DIP_TOPOLOGY_NAME_PREFIX username
DIP_DATA_ROOT /export/home/squalldata/tpchdb/
DIP_SQL_ROOT ../test/squall/sql_queries/
DIP_SCHEMA_PATH ../test/squall/schemas/tpch.txt

# DIP_DB_SIZE is in GBs
DIP_DB_SIZE 1

########################################
#DIP_OPTIMIZER_TYPE INDEX_SIMPLE
#DIP_MAX_SRC_PAR 1

#DIP_OPTIMIZER_TYPE INDEX_RULE_BUSHY
#DIP_MAX_SRC_PAR 1

#DIP_OPTIMIZER_TYPE NAME_MANUAL_PAR_LEFTY
#DIP_PLAN CUSTOMER:2,ORDERS:3:4

#DIP_OPTIMIZER_TYPE NAME_MANUAL_COST_LEFTY
#DIP_PLAN CUSTOMER,ORDERS
#DIP_TOTAL_SRC_PAR 20

#DIP_OPTIMIZER_TYPE NAME_RULE_LEFTY
#DIP_TOTAL_SRC_PAR 20

DIP_OPTIMIZER_TYPE NAME_COST_LEFTY
DIP_TOTAL_SRC_PAR 20

########################################

#below are unlikely to change
DIP_EXTENSION .tbl
DIP_READ_SPLIT_DELIMITER \|
DIP_GLOBAL_ADD_DELIMITER |
DIP_GLOBAL_SPLIT_DELIMITER \|

DIP_ACK_EVERY_TUPLE true
DIP_KILL_AT_THE_END true

# Storage manager parameters
# Storage directory for local runs
STORAGE_LOCAL_DIR /tmp/ramdisk
# Storage directory for cluster runs
STORAGE_DIP_DIR /export/home/squalldata/storage 
STORAGE_COLD_START true
MEMORY_SIZE_MB 4096

Config file 1G_hyracks is the same as in 0_01G_hyracks_ncl, except:

  1. DIP_DISTRIBUTED is set to true.

  2. DIP_TOPOLOGY_NAME_PREFIX is an optional parameter.

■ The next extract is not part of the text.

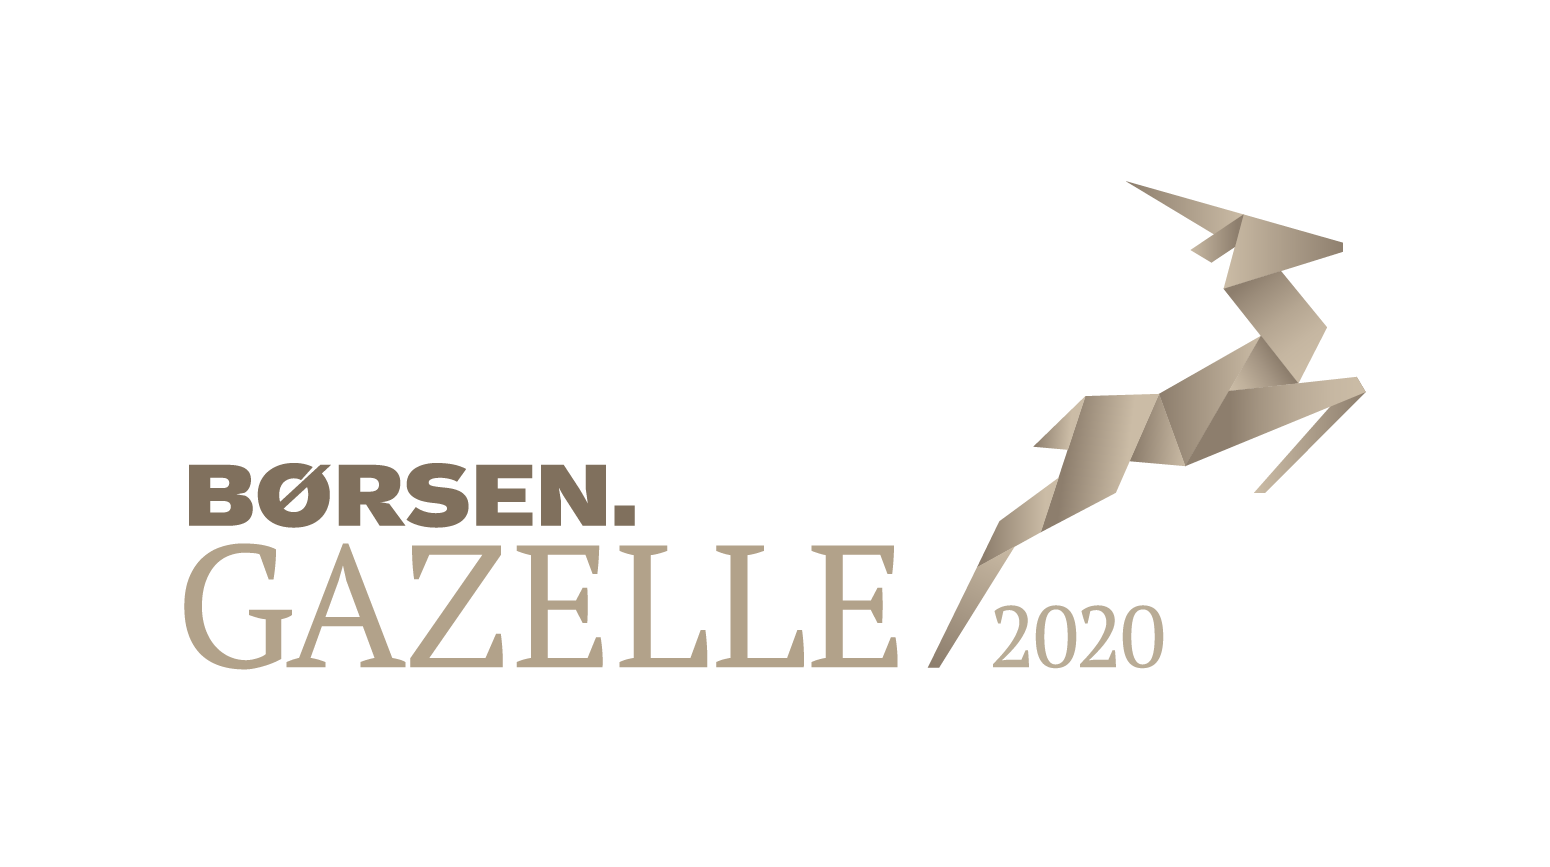 Coor er blevet kåret som en Gazelle virksomhed 2020

It is used for distinguishing different users possibly running the same query at the same time on the cluster.

  3. DIP_DATA_ROOT refers to a location on the cluster.

  4. There is no DIP_RESULT_ROOT, because in Cluster Mode the results are not automatically merged and compared against a file.

Thus, in order to change database size, only the DIP_DB_SIZE has to be changed, and for changing the query, we have to modify DIP_QUERY_NAME. You can find more examples of config files in squall-$VERSION/test/squall/confs, or you can write new ones from scratch.

Keep in mind that for in each config file you need to set DIP_DATA_ROOT. In addition, DIP_QUERY_NAME must correspond to a query from squall-$VERSION/test/squall/sql_queries/.

You can run Squall with a desired config file as follows:

cd squall-$VERSION/bin
./squall_cluster.sh $CONFIG_FILE_PATH

where $CONFIG_FILE_PATH is relative or full path to a config file.

Due to the constrained main memory, you cannot run arbitrary large database with small component parallelism. For information on detecting this behavior, please consult Squall query plans vs Storm topologies, section How to know we run out of memory?.